As described in Section 2.1.1, the BT algorithm is used for training models on outputting similar embeddings for similar inputs and dissimilar embeddings for dissimilar inputs, according to a certain concept each time. As mentioned above, we use four concepts that are dominant in remotely sensed optical images: road networks, buildings’ arrangement, trees’ arrangement and general image semantics. Each model builds a feature space for the concept it is exposed to and learns how to combine the emerging domain patterns to calculate the embedding of an input. Since the models’ training objective function minimizes the cosine similarity between the embeddings of similar images, the model learns to map images of similar appearance to feature space areas that are in proximity in terms of cosine similarity. However, examining the overall similarity of two images by considering various aspects of them requires some modifications to the way the original BT algorithm creates the different views of the data points (see Section 2.1.3). For example, the roads’ similarity model should get as input a binary mask representing the road network depicted in the image. The buildings’ similarity model should get as input a binary mask showing the buildings in the image while the trees’ similarity model should get as input a binary mask representing the trees in the image. The semantics similarity model accepts RGB images as input and complements the similarity models that do inference based on binary masks of the main concepts (roads, buildings, trees). The roads’ mask is extracted from a Geographic Information System (GIS) road network layer of the island of Cyprus. The buildings’ mask is extracted from a GIS layer created by the authors with an AI segmentation model they developed that identifies the contours of buildings depicted in Google Earth images [27]. Finally, the trees’ mask is extracted from a GIS layer created by the authors with an AI tree detection model they developed to count trees in satellite images [28,29]. Figure 1 shows an example of a Google Earth image and its concepts’ masks extracted using the GIS layers empowered by the AI models mentioned above. Figure 2 shows the data flow of the proposed approach for landscape-similarity matching.
When assessing whether two images are similar or not (or calculating the similarity between two images) our approach examines the three concepts’ masks in pairs and computes a similarity score for each pair. In addition to these scores, our approach also computes a similarity score for the two RGB images and combines all four scores into a final similarity measure. We note that in practice our approach does not use the developed AI detection models (building and tree detection AI models) for inferring the binary maps of each patch because this would be very costly. Instead, the AI detection models were used to create two GIS layers, one for buildings and one for trees, which are used for fast extraction of the binary masks each time a new patch is processed.
Figure 3 shows the process of inferring the similarity score of two concept masks and the training process of the model. During training, the two masks are created from the same image, one being the actual concept mask of the image and the other being a modified version of it. Retrieving the most similar image to a certain selected image (the query image) requires computing the similarity score between the query and all the images in the database and then selecting the image in the database that has the smallest distance to the query image. This procedure can be very inefficient and time-consuming if not implemented correctly and is discussed in detail in Section 2.2.
In the following sections we present the four models of our approach, one for each similarity concept we considered and described above. We also discuss how the models are trained i.e., how the different concepts’ views are created for each model and how they are used to train the models.

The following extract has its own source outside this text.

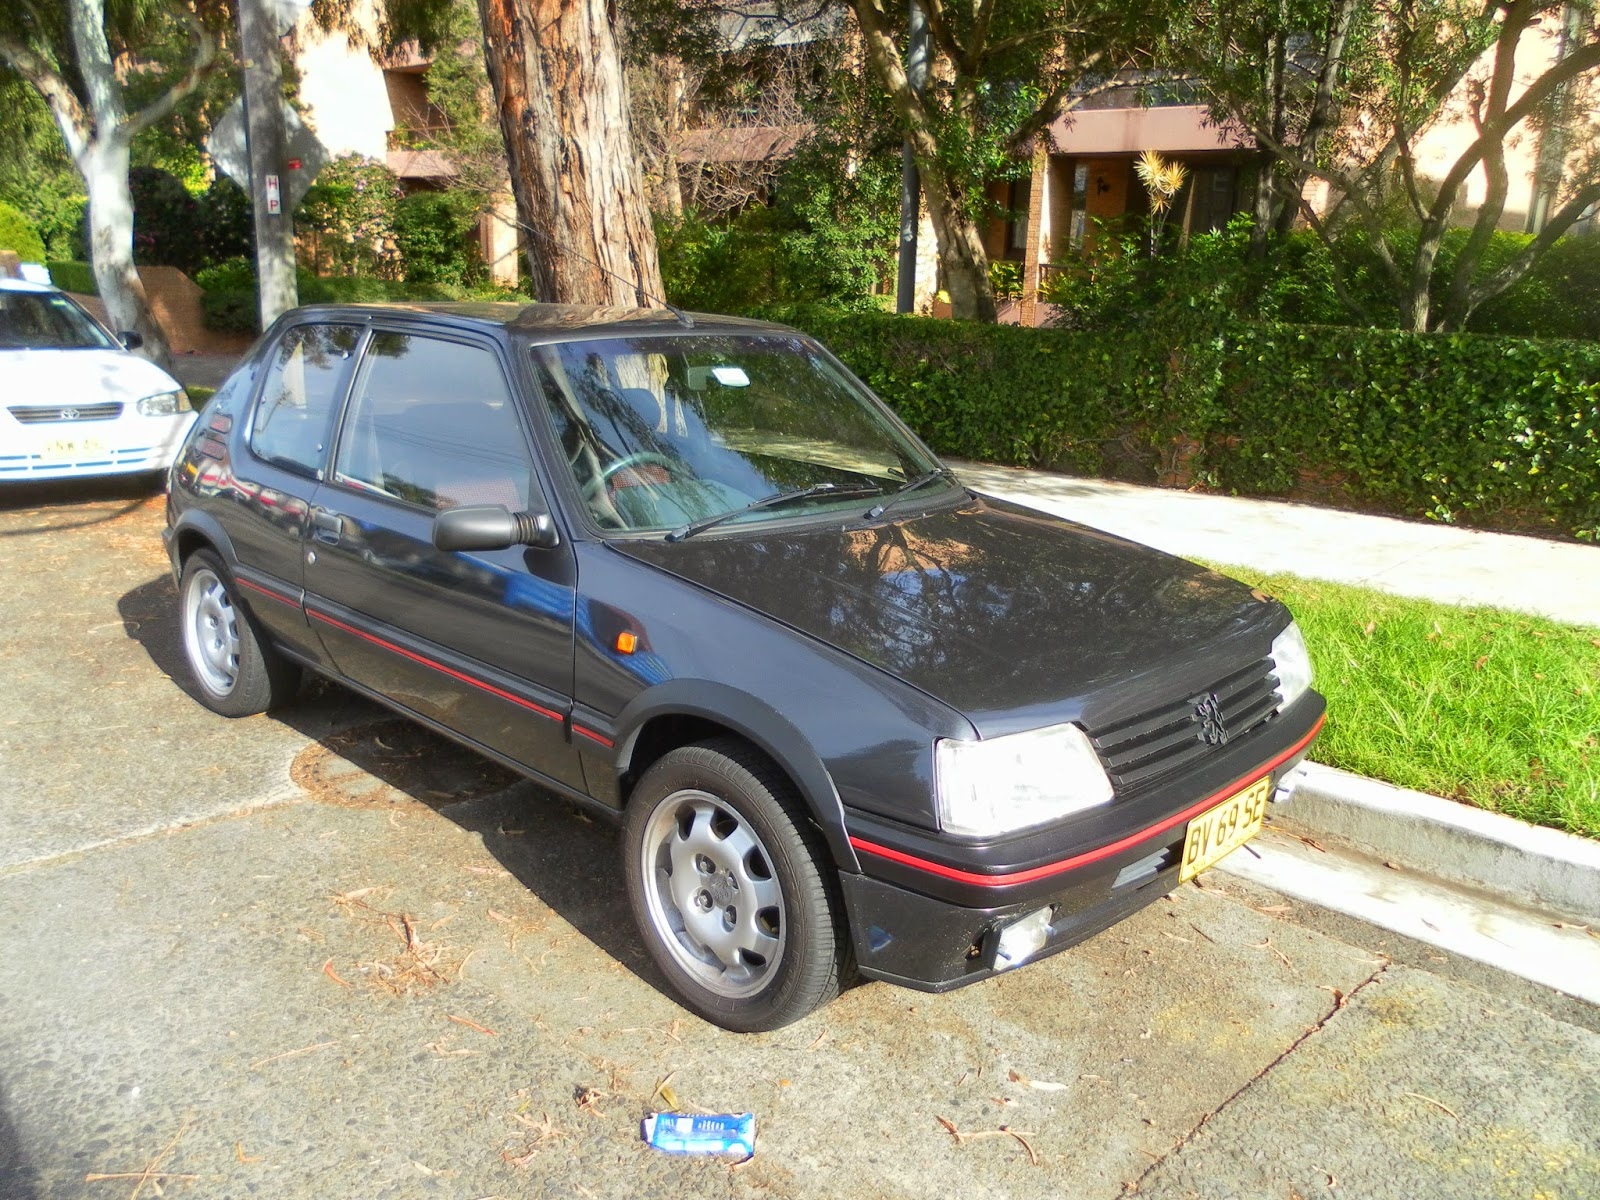 aussie old parked cars 1990 peugeot 205 gti 1 9. Black Bedroom Furniture Sets. Home Design Ideas

2.1.3. Creating the Training Data for the Road Network Similarity Model

We apply the BT algorithm to train a ResNet34 model to output similar embeddings for alike road network masks. Specifically, the embeddings of two similar road network masks should be close to each other while the embeddings of two dissimilar road network masks should be far from each other.
The conventional augmentations used by the SimCLR, the BT algorithm and many other URL algorithms are not suitable in our case because the input to the model is a binary mask and not an RGB image. Having a binary mask as input to the model renders the color jitter augmentations (brightness, contrast, saturation and hue) useless. Furthermore, since we aim at training a model on a concept that sources from the entirety of the input image and not from certain regions only, we also do not use resizing and cropping. We create pairs of similar road network masks by modifying a certain binary mask with morphological operations, translation and rotations of multiples of 90 ° . First, the mask goes through 10 dilation/erosion steps of random intensity and kernel sizes. The dilation steps enlarge and expand the active areas of the mask making them wider, while erosion reduces the size of the active mask areas and gradually diminishes them. Then, the mask is horizontally translated (shifted) in either direction by a random number of pixels (-20 to +20 pixels). Finally, the mask is rotated by an angle of 90 ° ,   180 ° or 270 ° with a probability of 0.3 for each rotating angle (the probability of not rotating the mask is 0.1). The pseudocode for creating pairs of similar road network masks to train the model is shown in Table 1.

2.1.4. Creating the Training Data for the Buildings’ Layout Similarity Model

Like the road network model (and the models of all the concepts we examine), the buildings’ layout similarity model is a ResNet34 network trained with the BT algorithm. The data used to train the buildings’ layout similarity model is generated by an augmentation scheme that is tailored to the features of the buildings’ layout masks. As shown in Table 2, we create the bounding boxes containing the buildings in a mask (each bounding box encloses one building) and then we randomly translate each of the bounding boxes by ±   20   pixels. Then, the resulting mask is modified via 10 steps of random erosion/dilation operations with kernels of random size. Finally, the mask is randomly rotated by an angle of 0 ° ,   90 ° ,   180 °   or 270 ° . In contrast to the road network model’s augmentation process, the no-rotate probability ( 0 ° rotation) is equal to the probability of rotating by any other angle. This strategy gives better results because the building masks inherently have more variation than the road masks and we compensate for the road masks’ lower variance by applying more rotations.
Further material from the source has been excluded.